Exercise directions =
All of the data must be written out verbatim, with pictures excluded.

Information supplied =

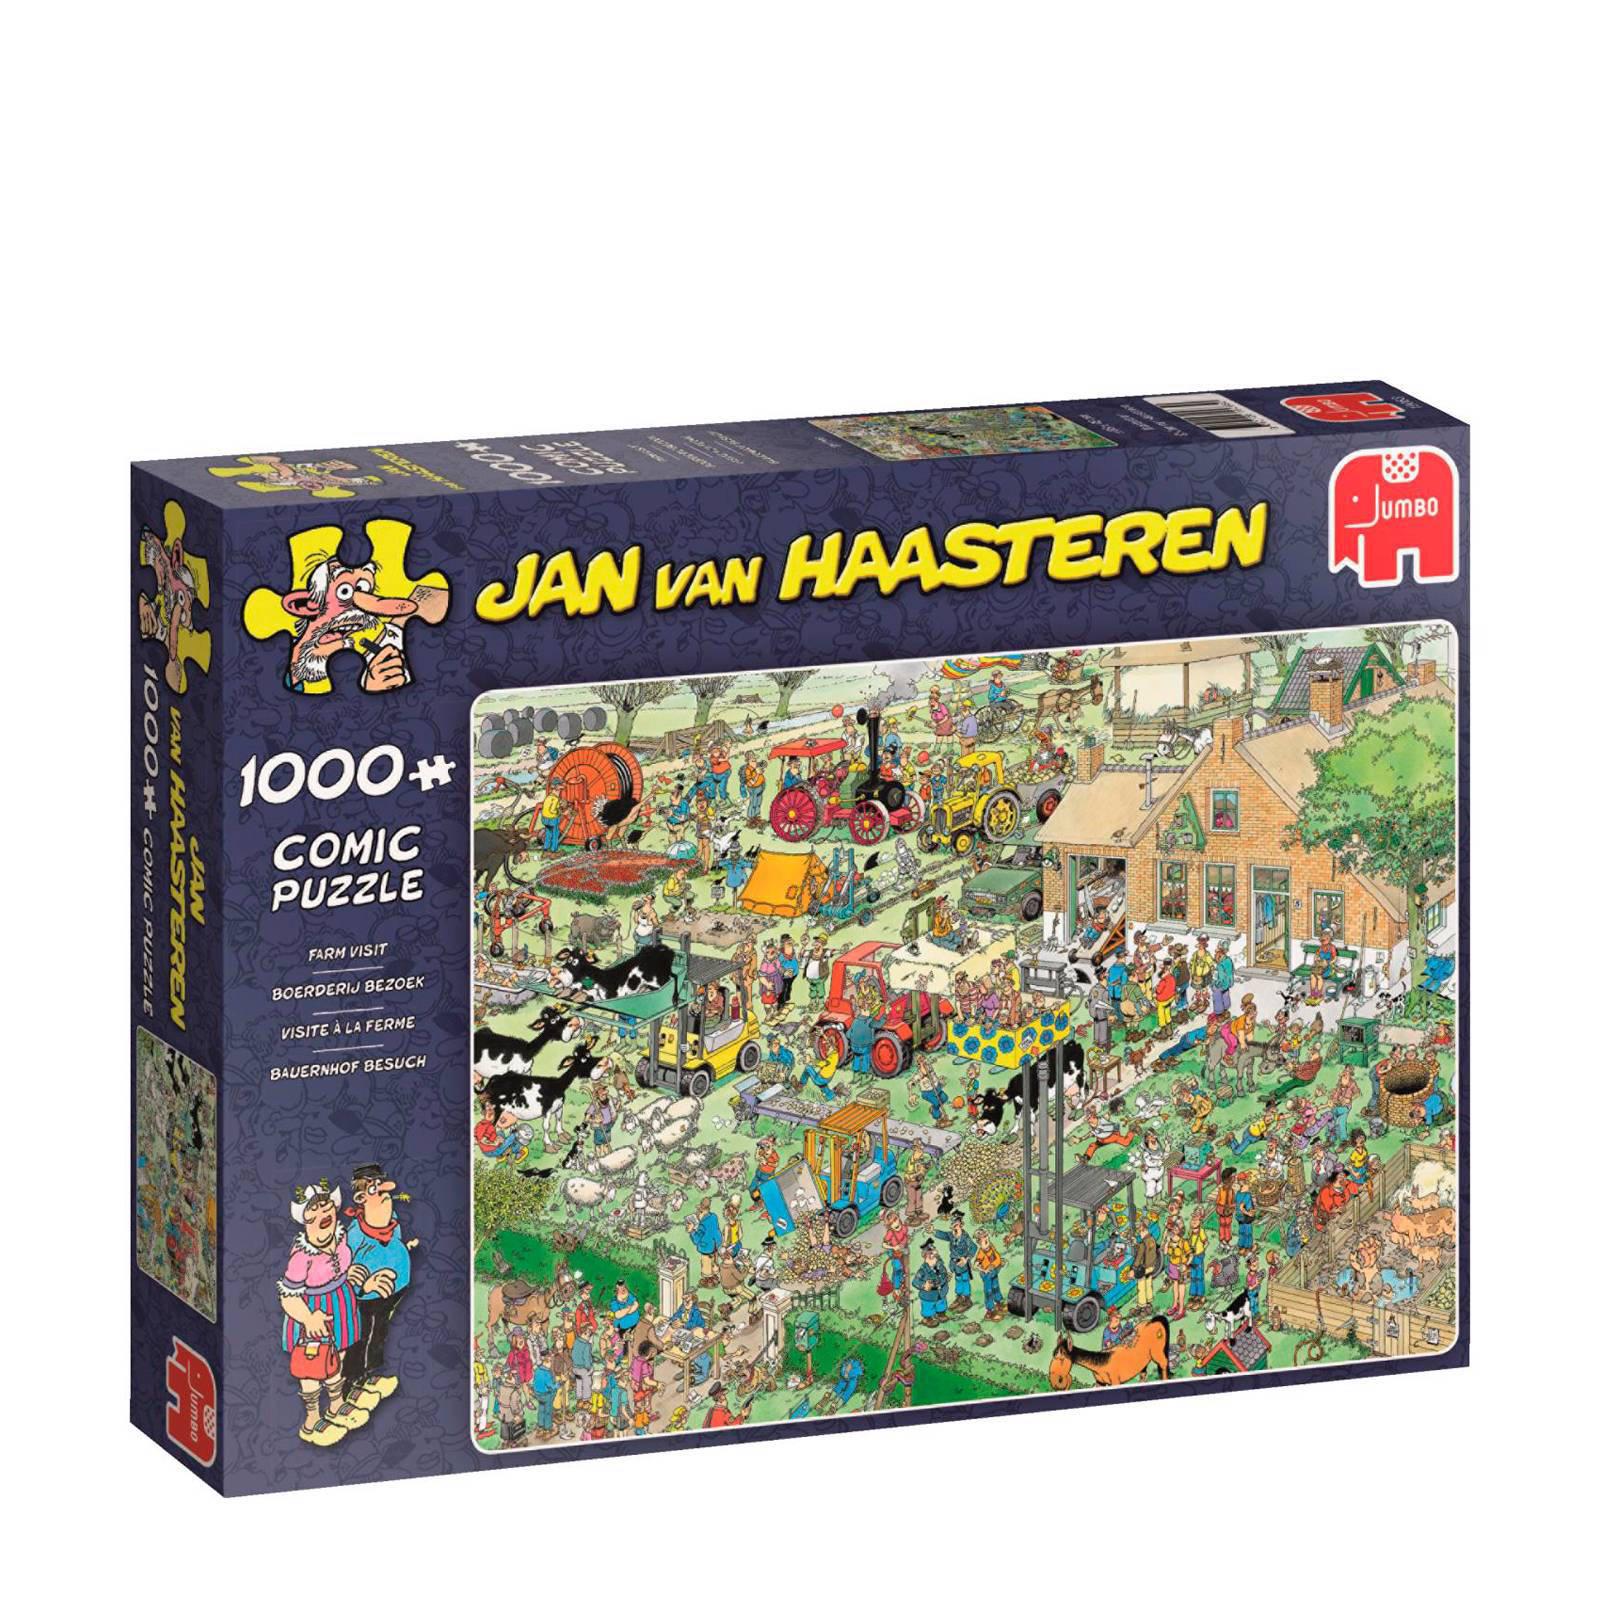 Jumbo  Jan van Haasteren BoerderijBezoek legpuzzel 1000 stukjes
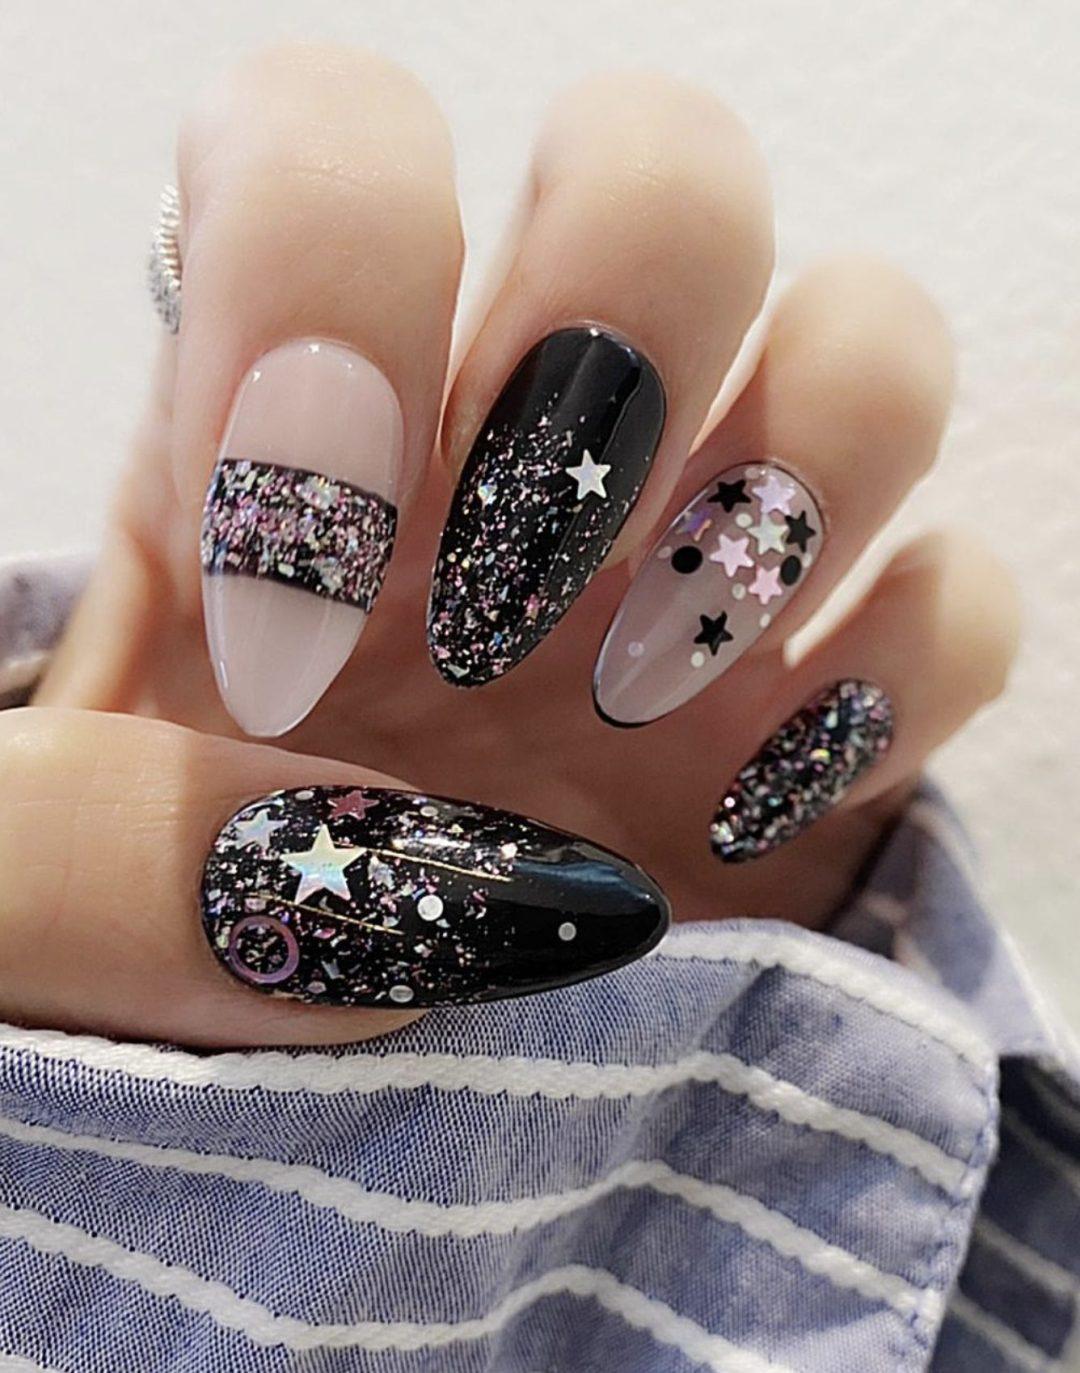 Black star glitter nails
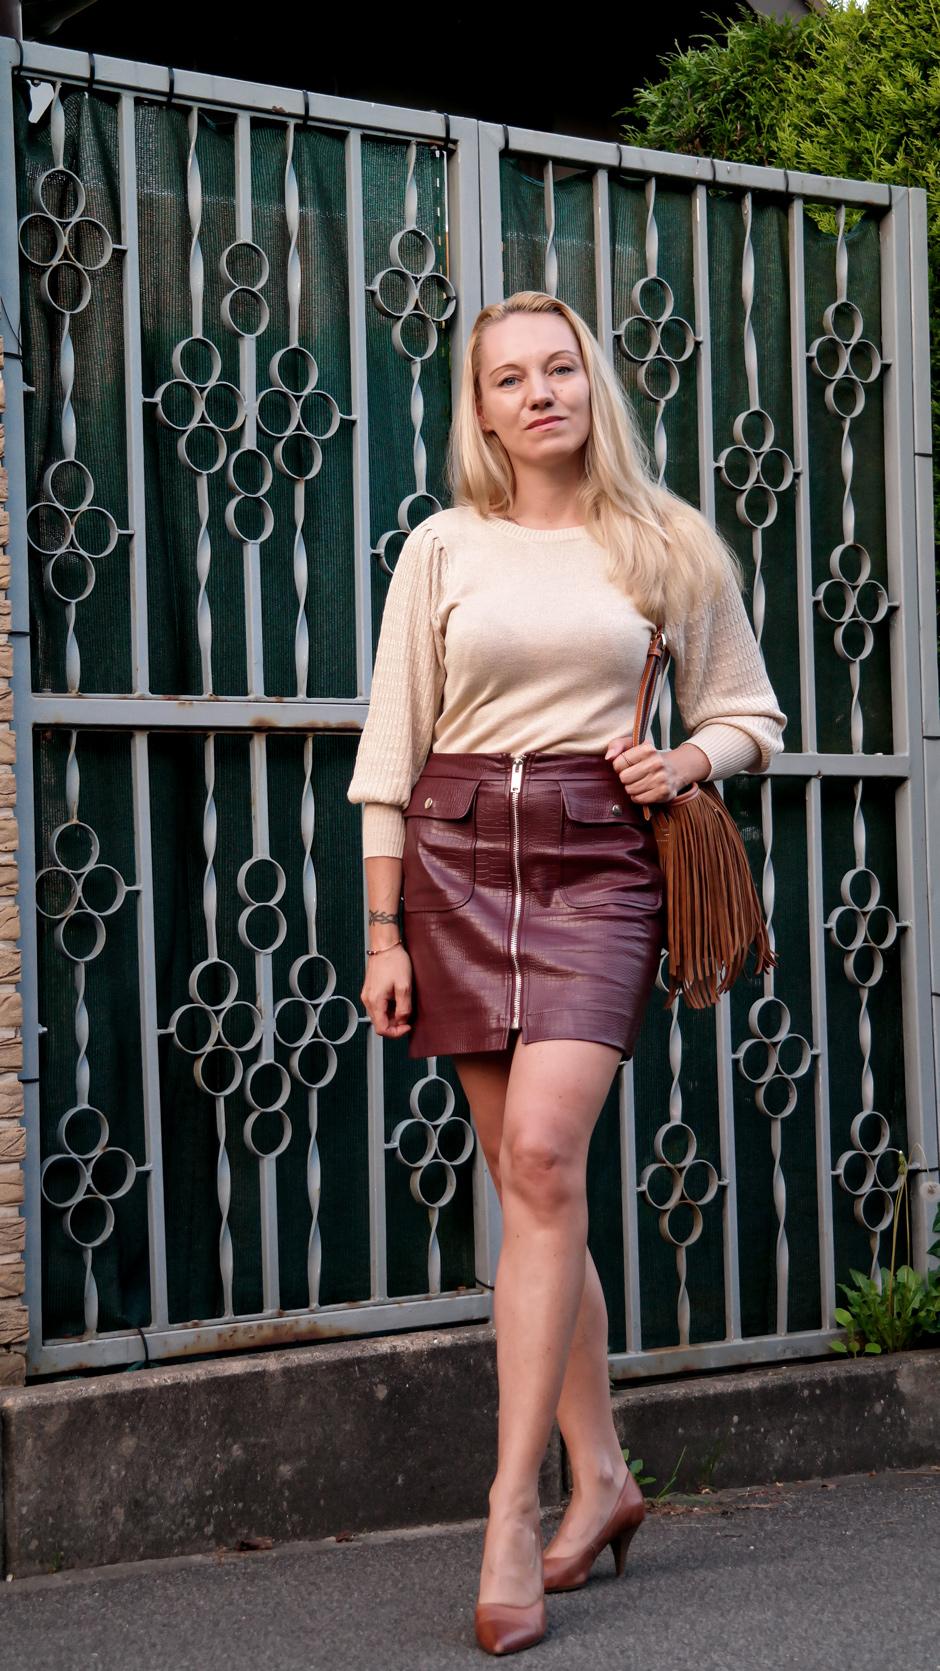 Schluss mit Stiefeln und dicken Strumpfhosen: Ich fordere endlich wieder Beinfreiheit! Damit schöne Beine gekonnt in Szene gesetzt werden können, bedarf es jedoch einiger Tricks & Kniffe. Sexy Legs sind schließlich knallharte Arbeit. Bloggerin Franny Fine gibt Euch Tipps, wie Ihr Eure Beine für sommerliche Outfits perfekt optimiert | Hot Port Life & Style | 30+ Style Blog
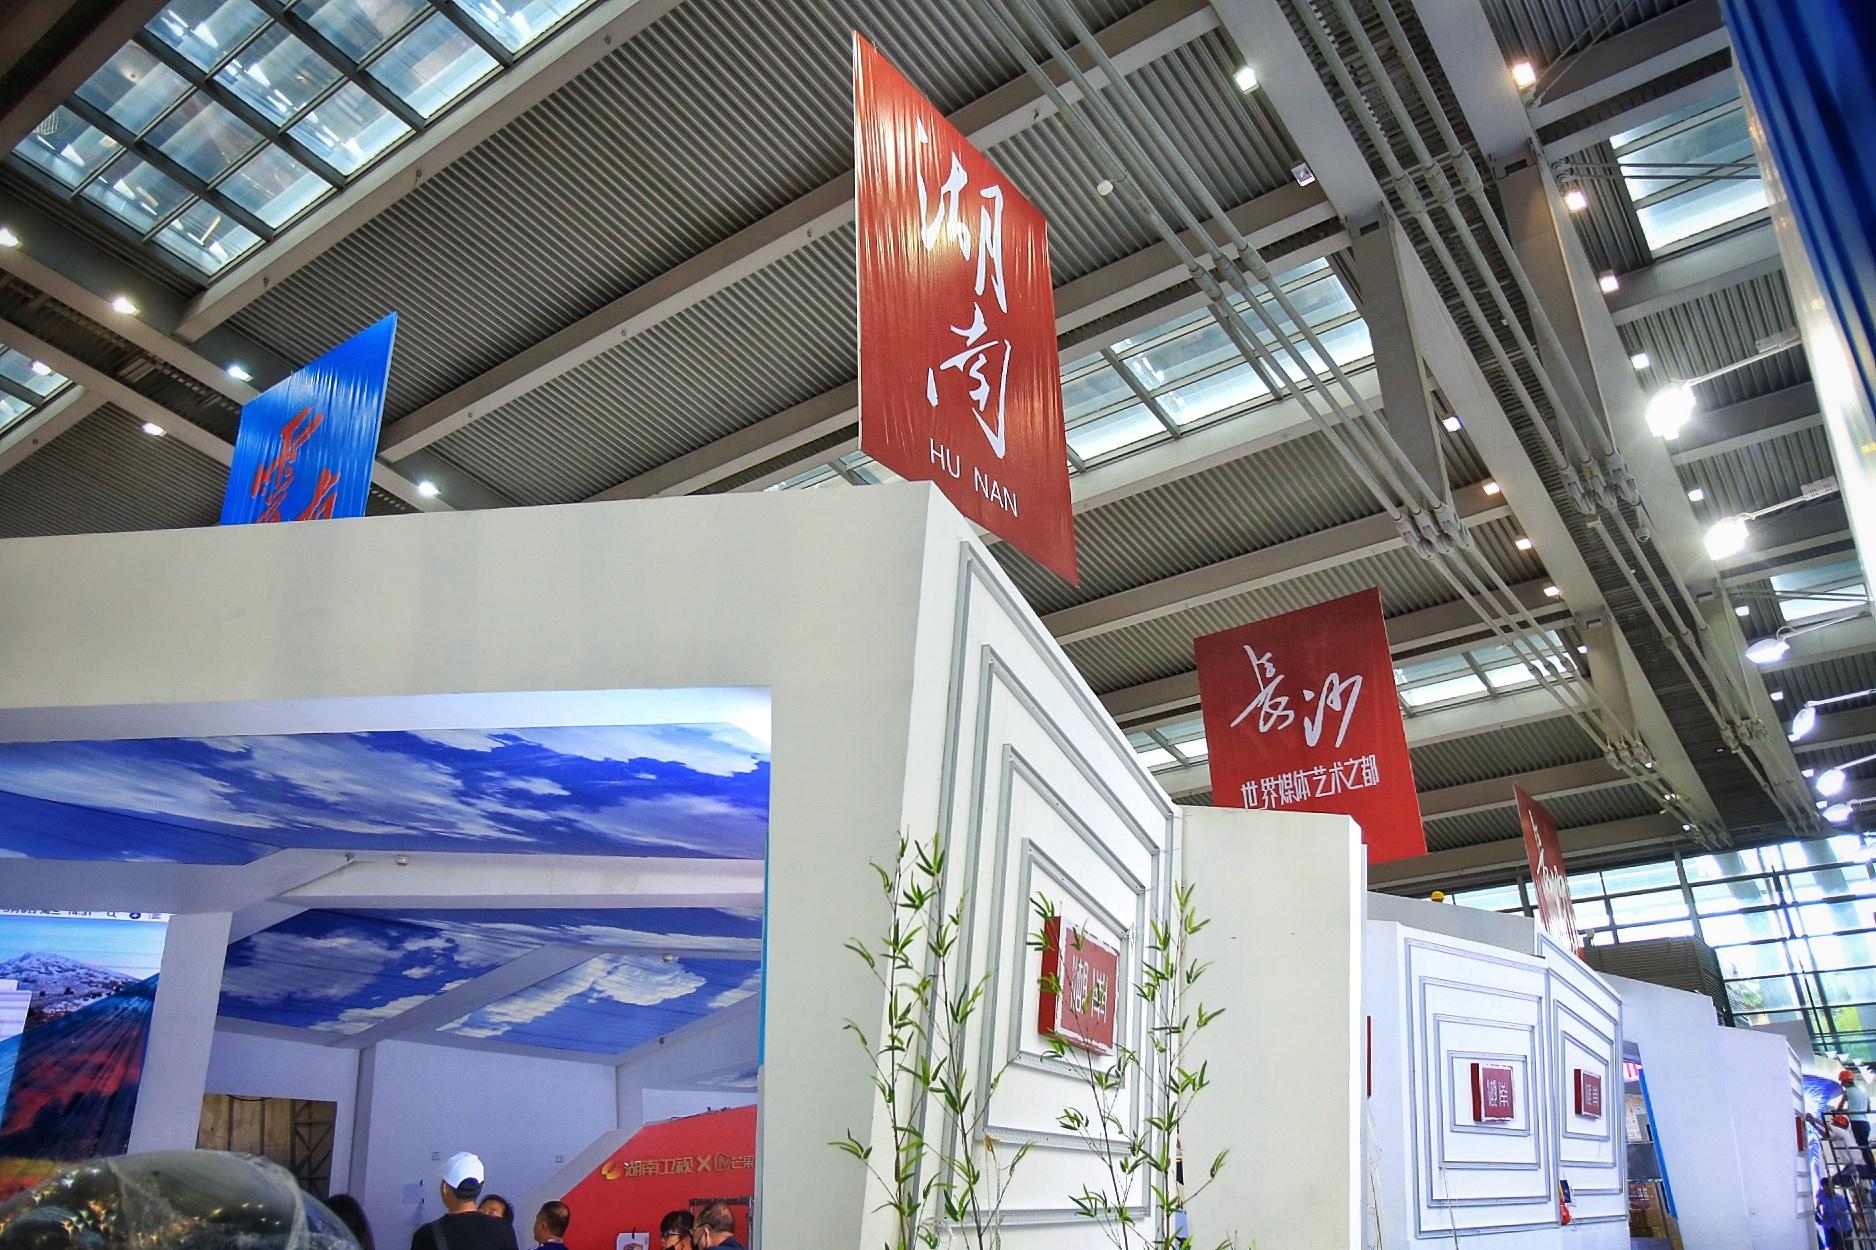 文博会5月10日深圳开幕!湖南馆的亮点提前了解一波

Exercise answer =
 Jumbo  Jan van Haasteren BoerderijBezoek legpuzzel 1000 stukjes
 Black star glitter nails
 Schluss mit Stiefeln und dicken Strumpfhosen: Ich fordere endlich wieder Beinfreiheit! Damit schöne Beine gekonnt in Szene gesetzt werden können, bedarf es jedoch einiger Tricks & Kniffe. Sexy Legs sind schließlich knallharte Arbeit. Bloggerin Franny Fine gibt Euch Tipps, wie Ihr Eure Beine für sommerliche Outfits perfekt optimiert | Hot Port Life & Style | 30+ Style Blog
 文博会5月10日深圳开幕!湖南馆的亮点提前了解一波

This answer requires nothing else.